PPA Repository Errors
If you see errors during `sudo apt update` related to the GPU-Viewer PPA, the repository may be temporarily unavailable. Try again after a few minutes, or switch to the Flatpak method instead.
Flatpak Permission Issues
If the Flatpak installation or launch fails with permission errors, ensure Flatpak is installed system-wide by running `flatpak –version` and confirming your remotes include Flathub:
flatpak --version
sudo flatpak remotes
Flatpak 1.14.10 Name Options flathub system
If Flathub is missing, re-run the install commands above or reinstall Flatpak using our installation guide.
Conclusion
GPU-Viewer delivers real-time insight into your graphics hardware performance with minimal setup.

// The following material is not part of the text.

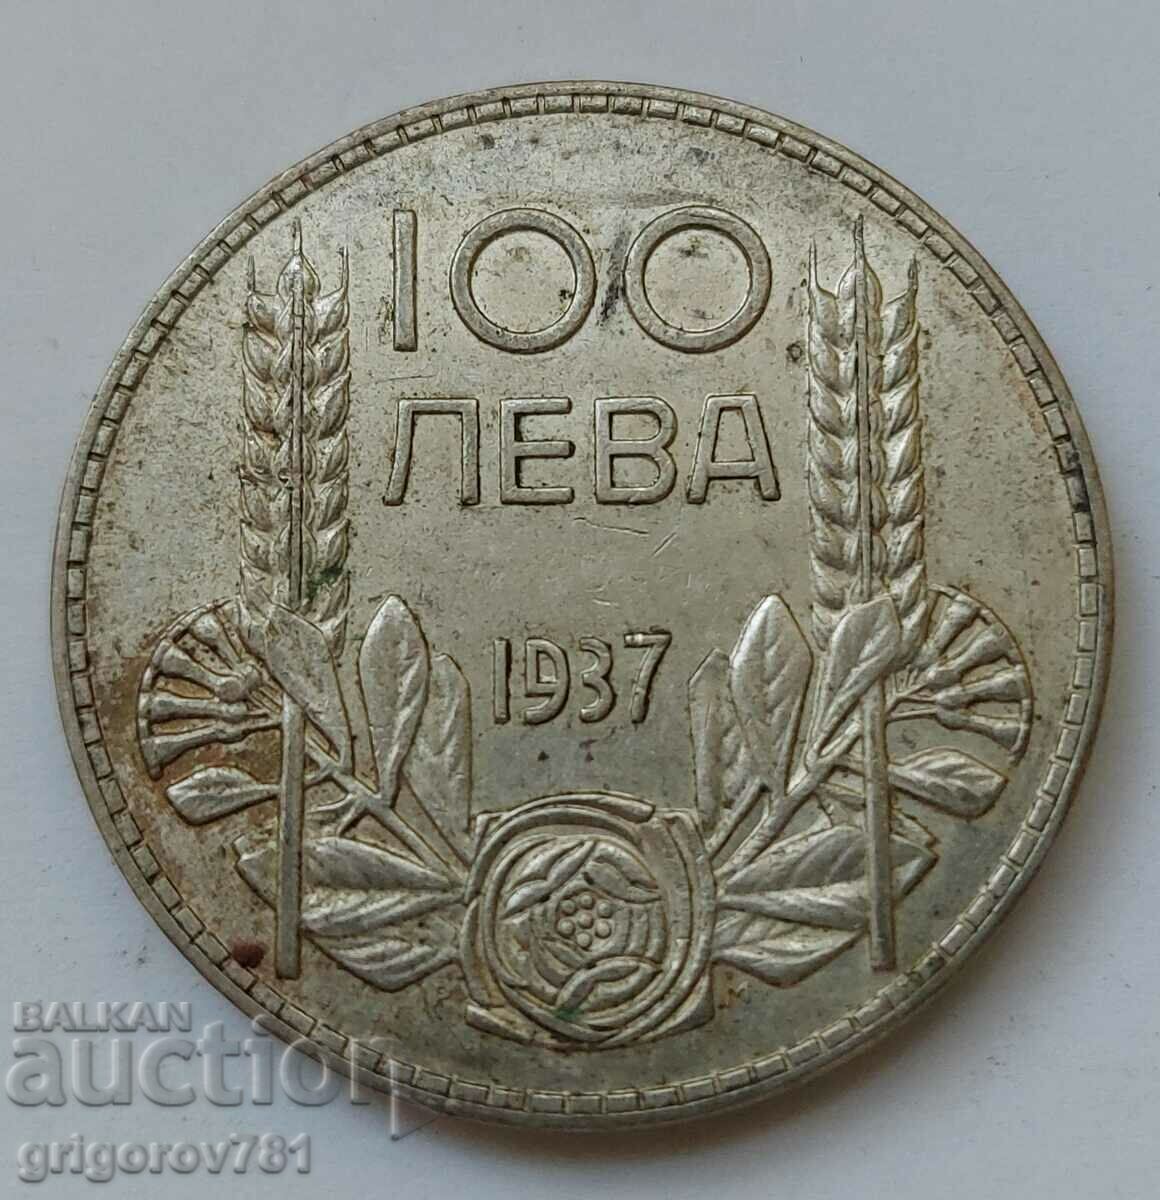 Ασήμι 100 λέβα Βουλγαρία 1937 - ασημένιο νόμισμα #112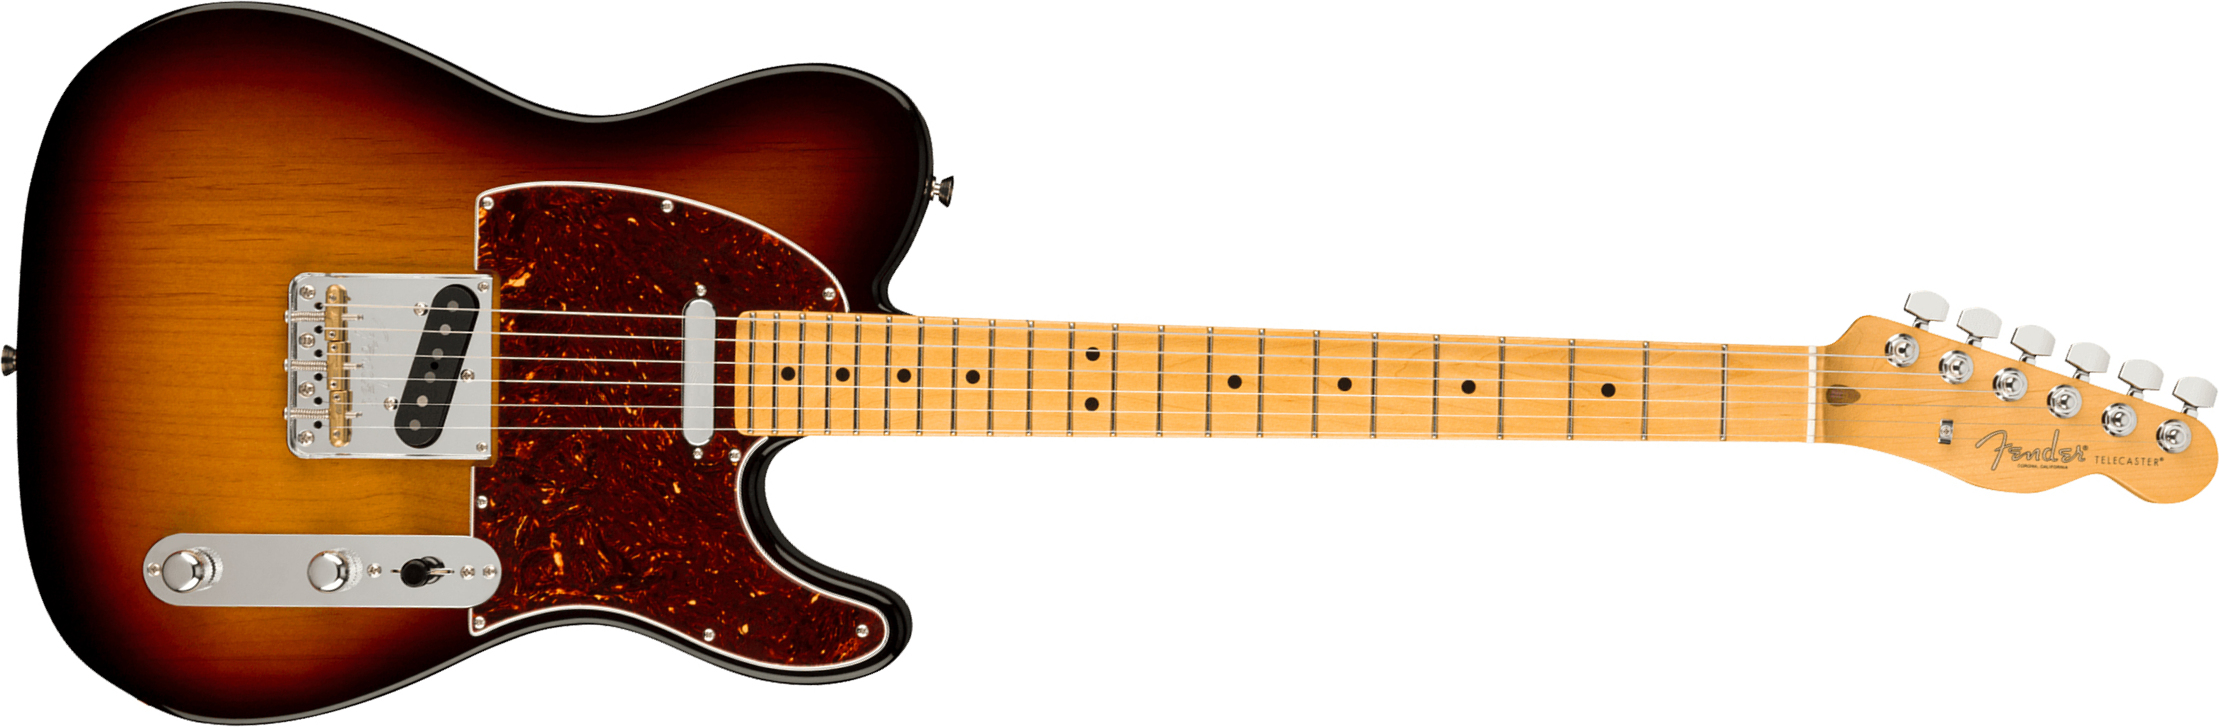 Fender Tele American Professional Ii Usa Mn - 3-color Sunburst - Guitarra eléctrica con forma de tel - Main picture

Both installation methods (PPA and Flatpak) provide automatic updates and full access to performance metrics including GPU utilization, temperature, memory usage, and driver information. As of this update, Flathub ships version 3.20 while the PPA provides 3.02N2-1; check the version section above to confirm what you installed. Enable automatic security updates for your chosen method to maintain current driver support and patch any issues as they arise. If you encounter launch errors or see no GPU data displayed, verify your GPU drivers through your system settings or the NVIDIA and AMD driver tools, then revisit the troubleshooting section above.